__Task directions__: Output must consist only of the lines of the material below from the one with "Meet Teresa Jauregui: Bringing" through the one with "Ginza Cozy Corner", each reproduced exactly; no pictures belong in it.

__Source information__:
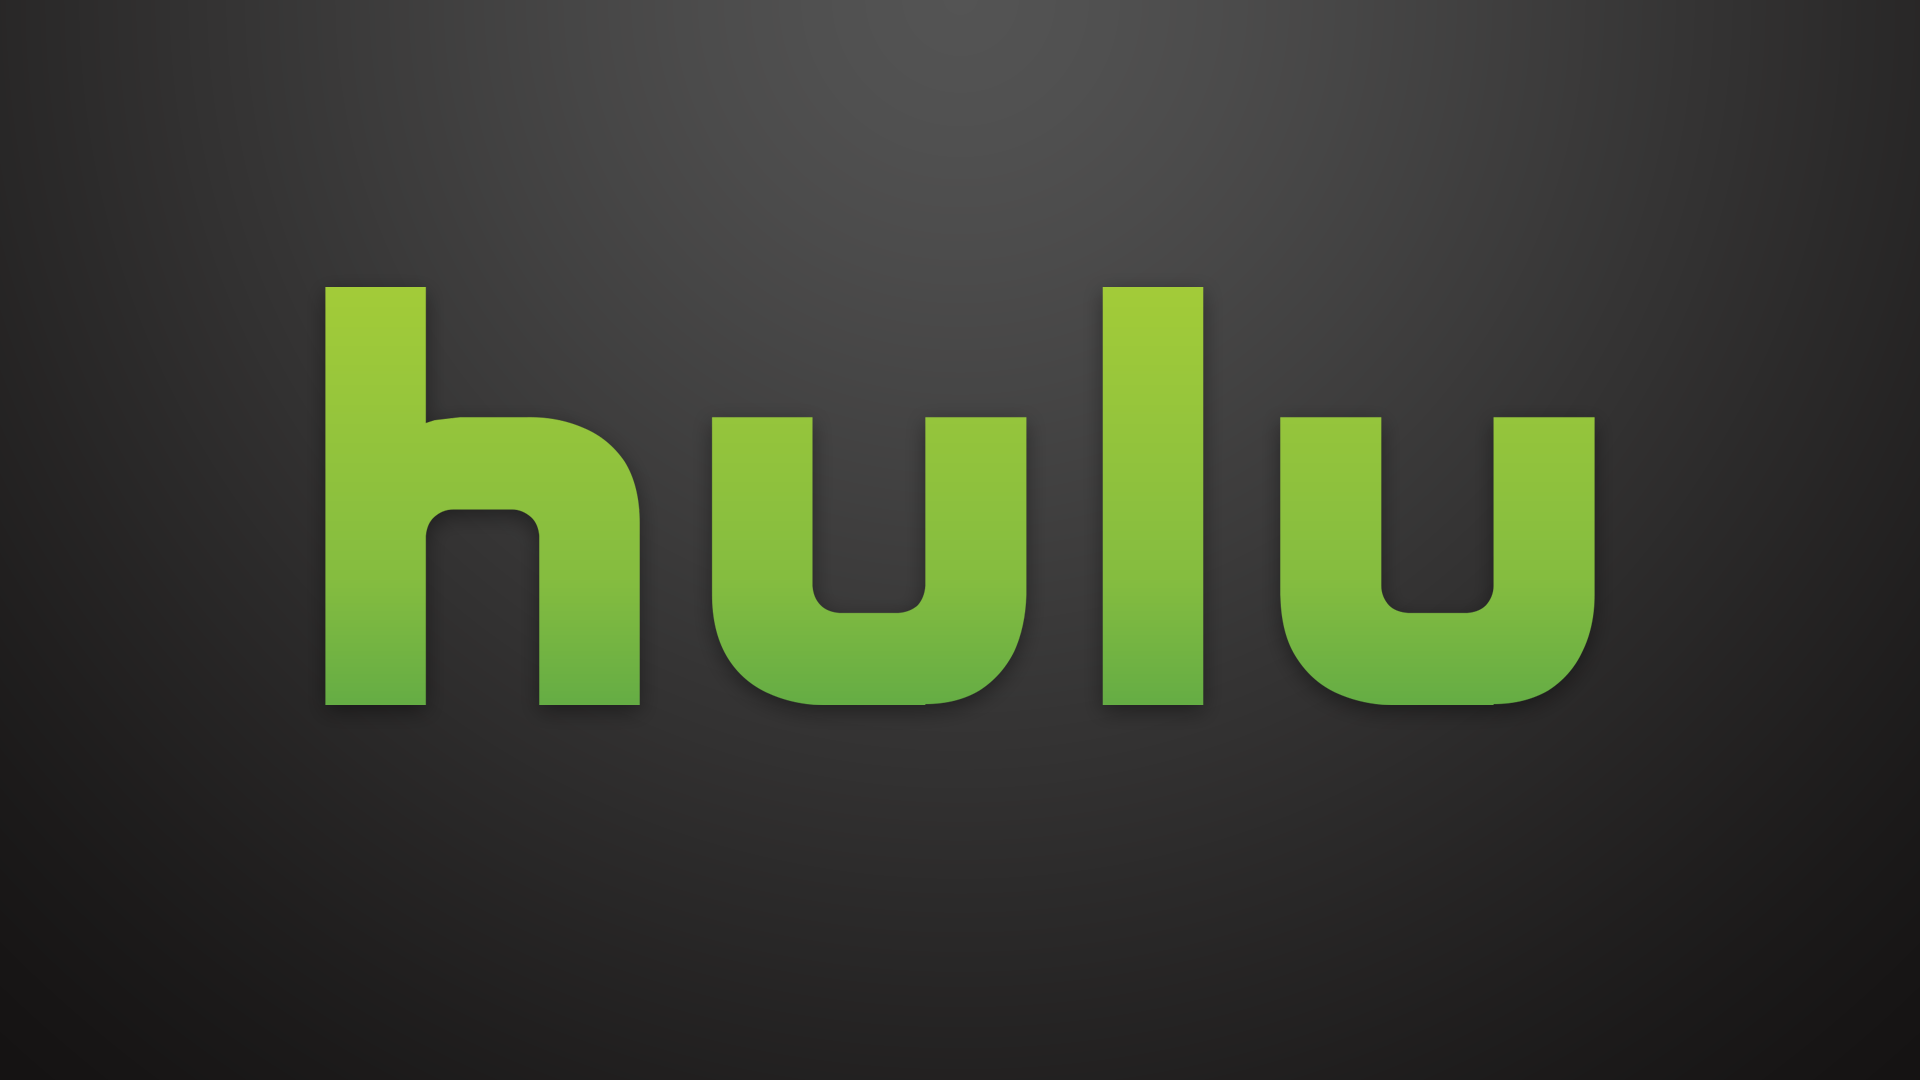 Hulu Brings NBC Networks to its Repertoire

---

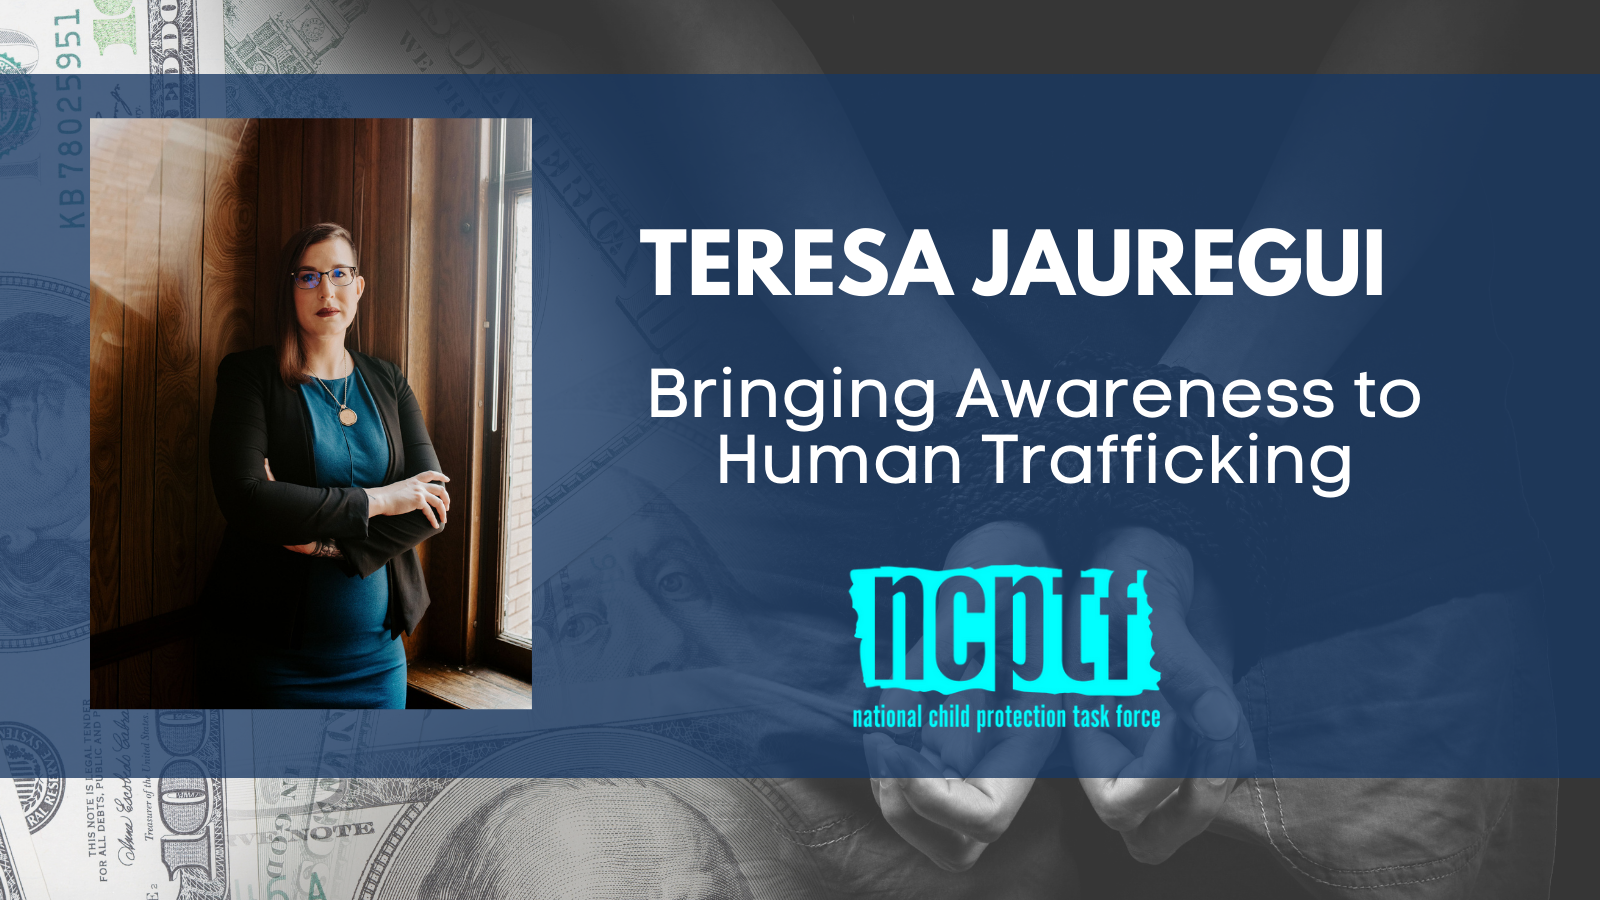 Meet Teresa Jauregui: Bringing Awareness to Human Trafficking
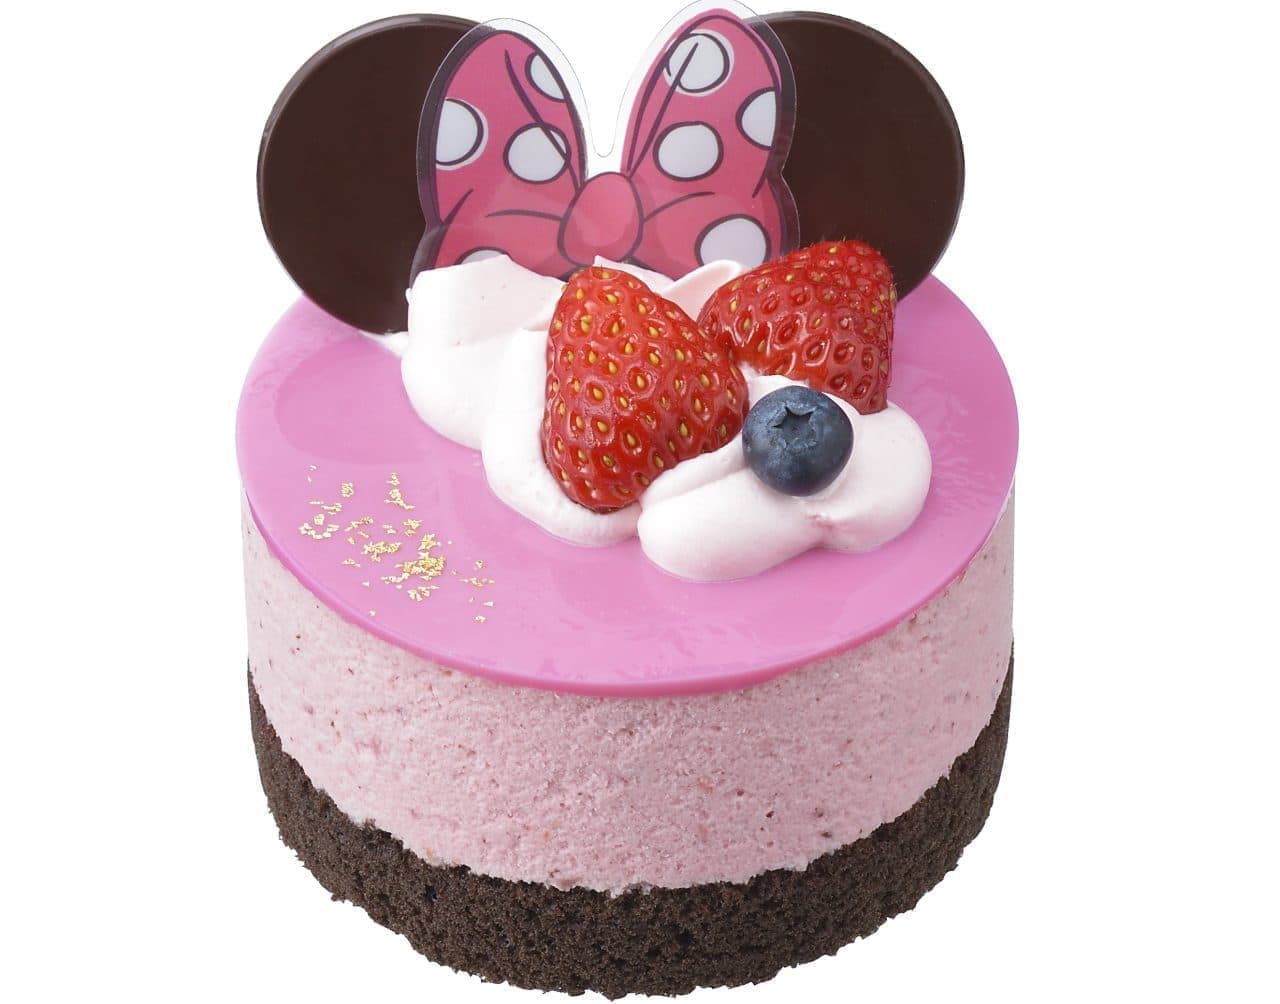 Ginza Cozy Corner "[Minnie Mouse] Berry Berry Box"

__Solution to this problem__:
 Meet Teresa Jauregui: Bringing Awareness to Human Trafficking
 Ginza Cozy Corner "[Minnie Mouse] Berry Berry Box"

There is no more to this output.